3.2.1.2 Via downloaded files

gis_sh <- rgdal::readOGR(dsn = paths$f01, layer = "NUTS_RG_60M_2016_3035");
gis_sh <- subset(     gis_sh, CNTR_CODE == "PL" & LEVL_CODE == 2);
# Conversion to ETRS89 Poland CS92
gis_sh <- sp::spTransform(gis_sh, sp::CRS("+init=epsg:2180"));
if(write_ref) {
  save(gis_sh, file = paths$f06)
} else if (use_ref){
  load(paths$f06, verbose = TRUE);
} else {}
sp::plot(gis_sh);
Poland shape file.

Poland shape file.

3.2.2 Points

The PM10 data prepared earlier were restricted to the latest date and time with recorded by a sufficient number of station. The points were then added to the available shape previously obtained.

library(ggplot2);
dtaplot <- aggregate(
    value ~ date + param.paramCode,
    data = subset(measure, !is.na(value)),
    FUN = length
    )
ggplot(
  data = dtaplot,
  mapping = aes(y = value, x = date)
  ) + geom_point(
  ) + coord_cartesian(
  ylim = range(c(dtaplot$value, 0))
  ) + geom_hline(
  yintercept = quantile(dtaplot$value, probs = 0.85)
  ) + theme(
  axis.text.x=element_text(angle = 45, hjust = 1),
  );

sel_date <- with(measure, table(date[!is.na(value)]));
sel_date <- sel_date[order(names(sel_date))];
sel_date <- sel_date[sel_date >= quantile(sel_date, probs = 0.85)];
sel_date <- names(rev(sel_date))[1];
if(use_ref) { sel_date <- "2020-04-16 14:00:00" }

fetch_pts <- function(
  datetime,
  measure = measure, station = station
  ){

  gis_pts <- subset(measure, date == datetime);
  gis_pts <- subset(gis_pts, !(is.na(value)));
  gis_pts <- merge(
    x = station, by.x = "id",
    y = gis_pts, by.y = "stationId"
    );

  gis_pts <- within(
    gis_pts,
    {
      lon <- as.numeric(gegrLon);
      lat <- as.numeric(gegrLat);
    }
    );

  gis_pts <- sp::SpatialPointsDataFrame(
    coords = gis_pts[c('lon', 'lat')], data = gis_pts,
    proj4string = sp::CRS("+init=epsg:4326")
    );
  gis_pts <- sp::spTransform(gis_pts, sp::CRS("+init=epsg:2180"));

  return(gis_pts);

}

gis_pts <- fetch_pts(datetime = sel_date, measure = measure, station = station);
sp::plot(gis_sh);
sp::plot(gis_pts, add = TRUE);
Addition of station location to the shape file.

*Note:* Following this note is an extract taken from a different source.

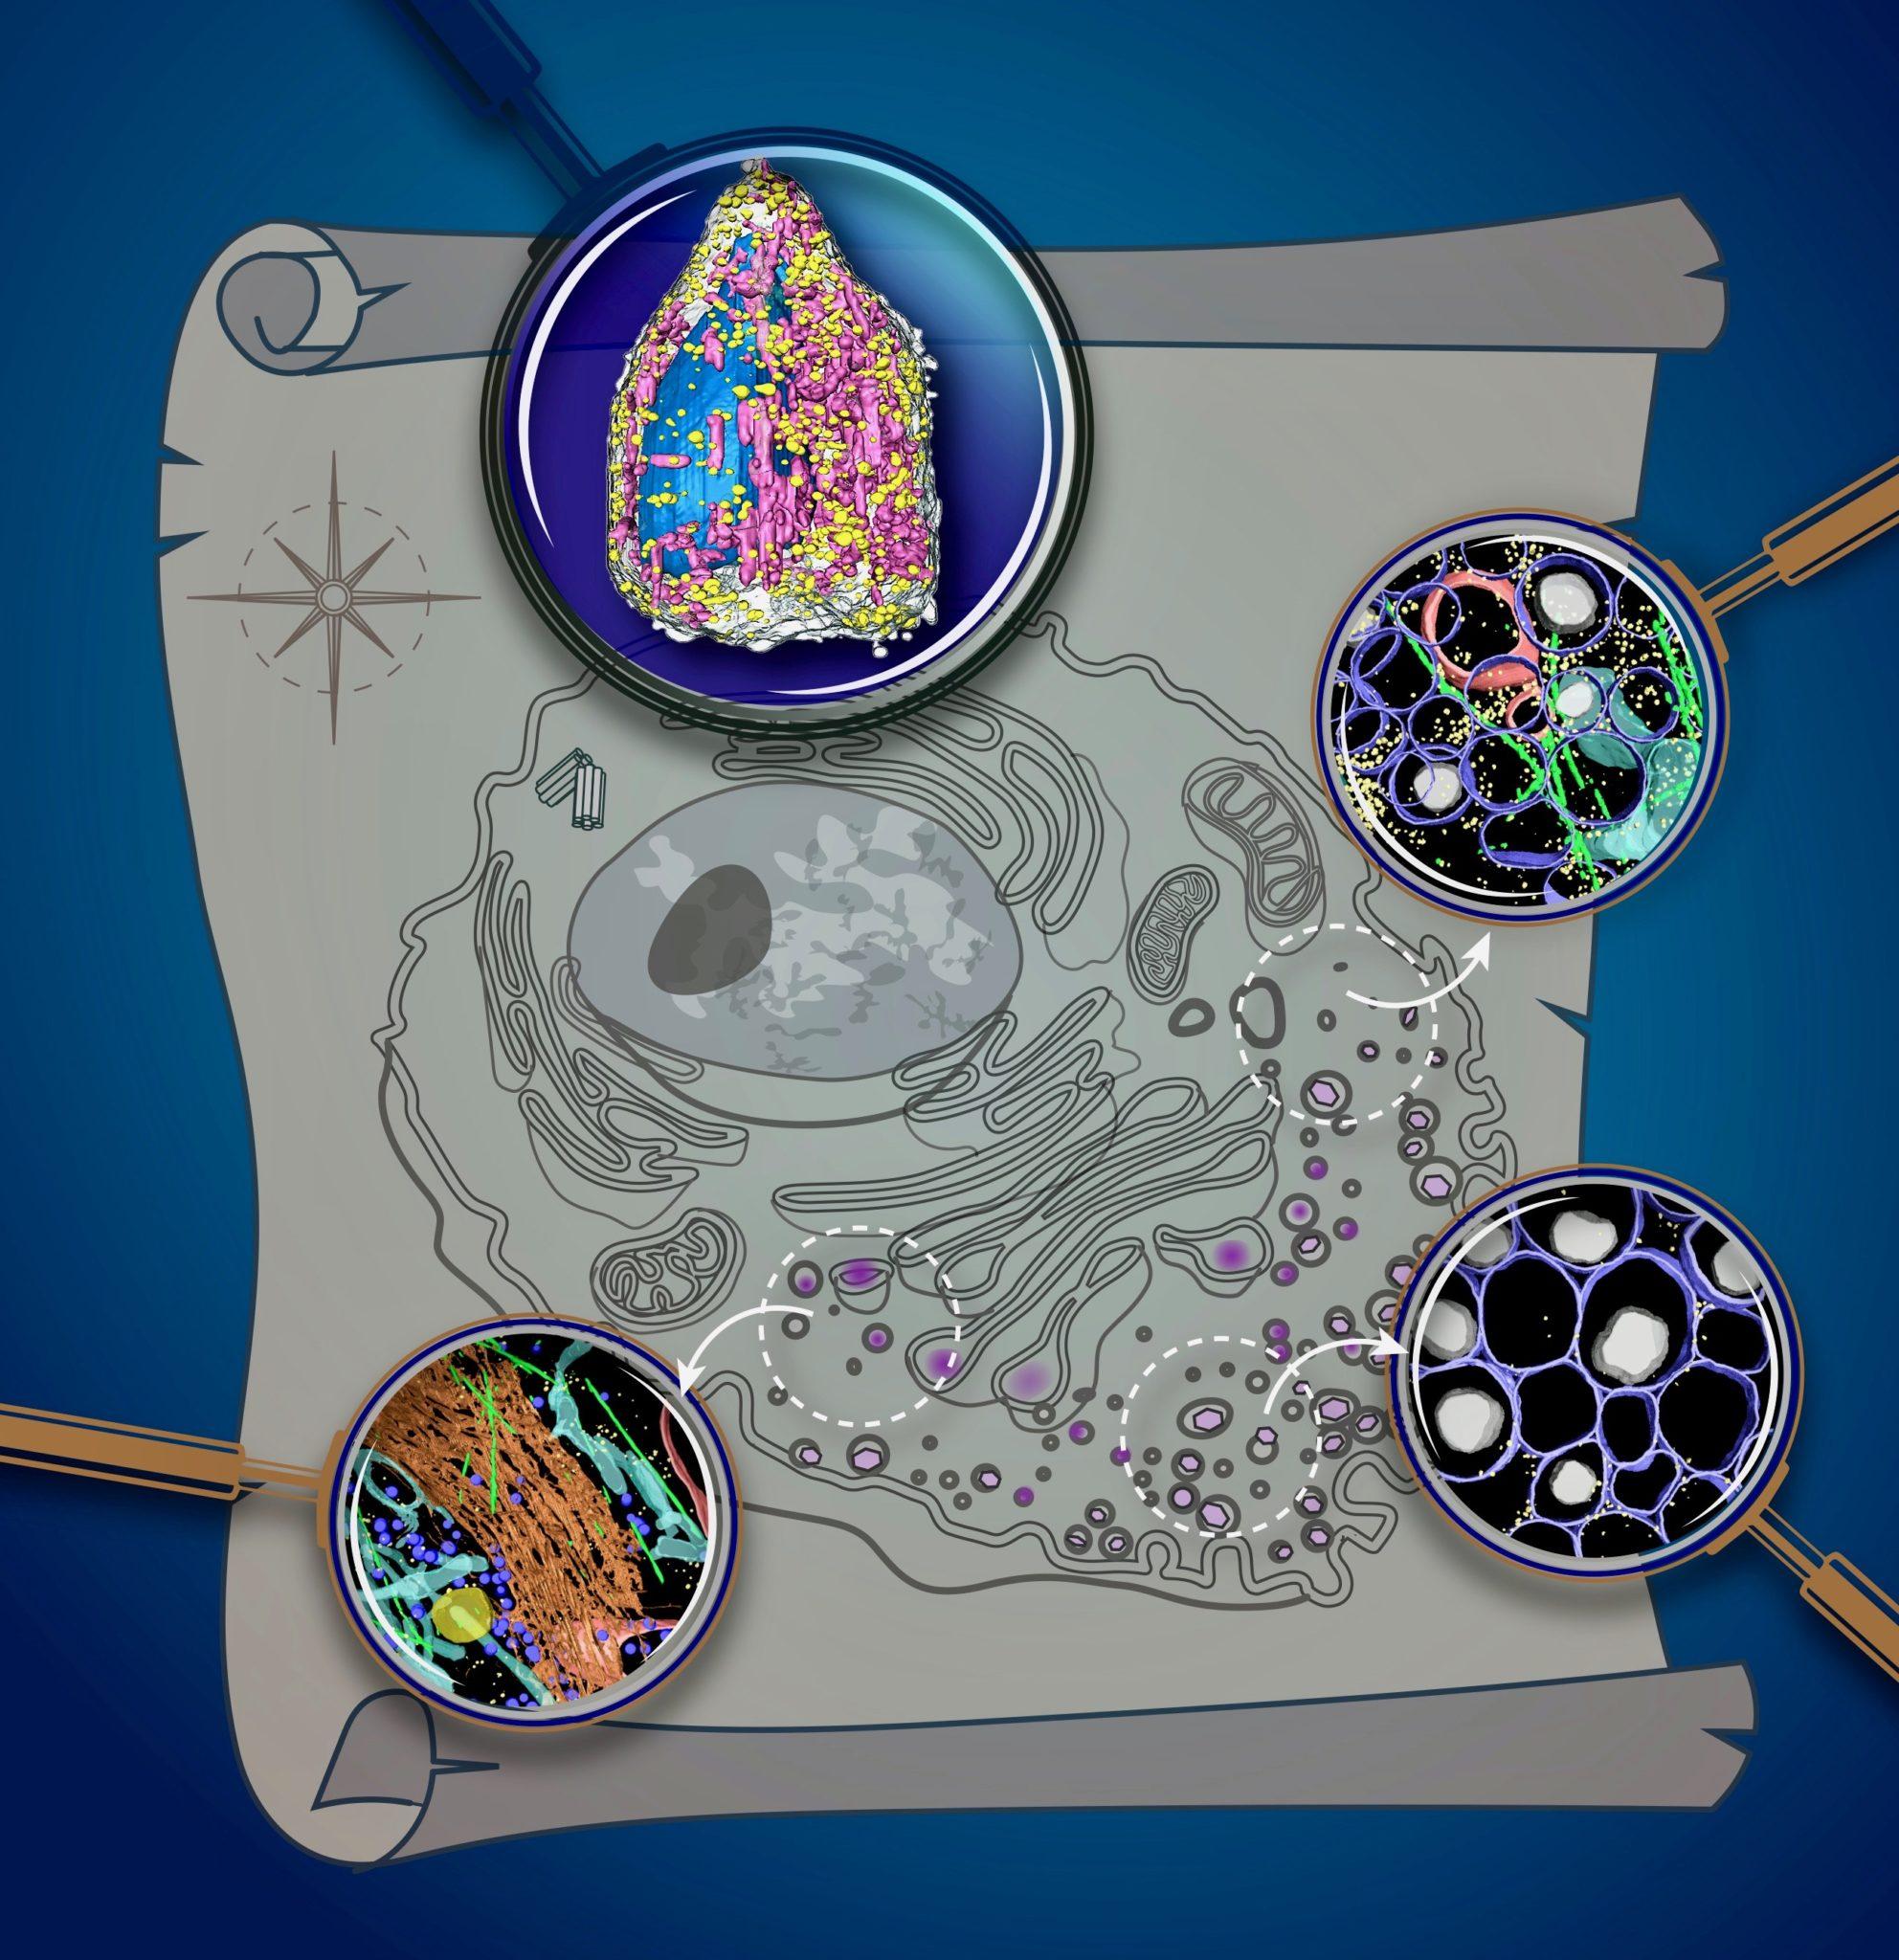 独特的X射线显微镜显示出令人眼花缭乱的3D细胞图像

Addition of station location to the shape file.

Density of points was heterogeneous, while some area were poorly monitored, some other area cumulated locally many stations. The map was then divided into a grid composed of 300 rows and 300 columns, defining therefore 90000 squares; the grid and squares, are later referred as raster and pixels. The value of each pixel was estimated as the average of the local value falling in the area covered by that pixel.

3.2.3 Raster

# I have sample points in Poland, I want an estimation in every point in Poland.
gis_grid <- raster::raster(
    ncols=300, nrows=300, ext = extent(gis_sh),
    crs = sp::proj4string(gis_sh)
    ); 

gis_raster <- raster::rasterize(
  x = gis_pts, field = "value", fun = mean,
  y = gis_grid
  );
sp::plot(gis_sh);
sp::plot(gis_raster, add= TRUE); 
sp::plot(gis_pts, add = TRUE, pch = 1);
From station to pixel value estimation.

From station to pixel value estimation.

A linear interpolation was computed to fill the raster gap.

gis_mod <- gstat::gstat(id = "PM10", formula = value~1, data = gis_pts);

gis_raster_intpl <- raster::interpolate(gis_raster , gis_mod);
gis_raster_intpl <- raster::crop(gis_raster_intpl, raster::extent(gis_sh));
gis_raster_intpl <- raster::mask(gis_raster_intpl, gis_sh);
sp::plot(gis_raster_intpl); 
sp::plot(gis_sh, add= TRUE);
sp::plot(gis_pts, add = TRUE, pch = 1);
Linear interpolation of local PM10 measures.

Linear interpolation of local PM10 measures.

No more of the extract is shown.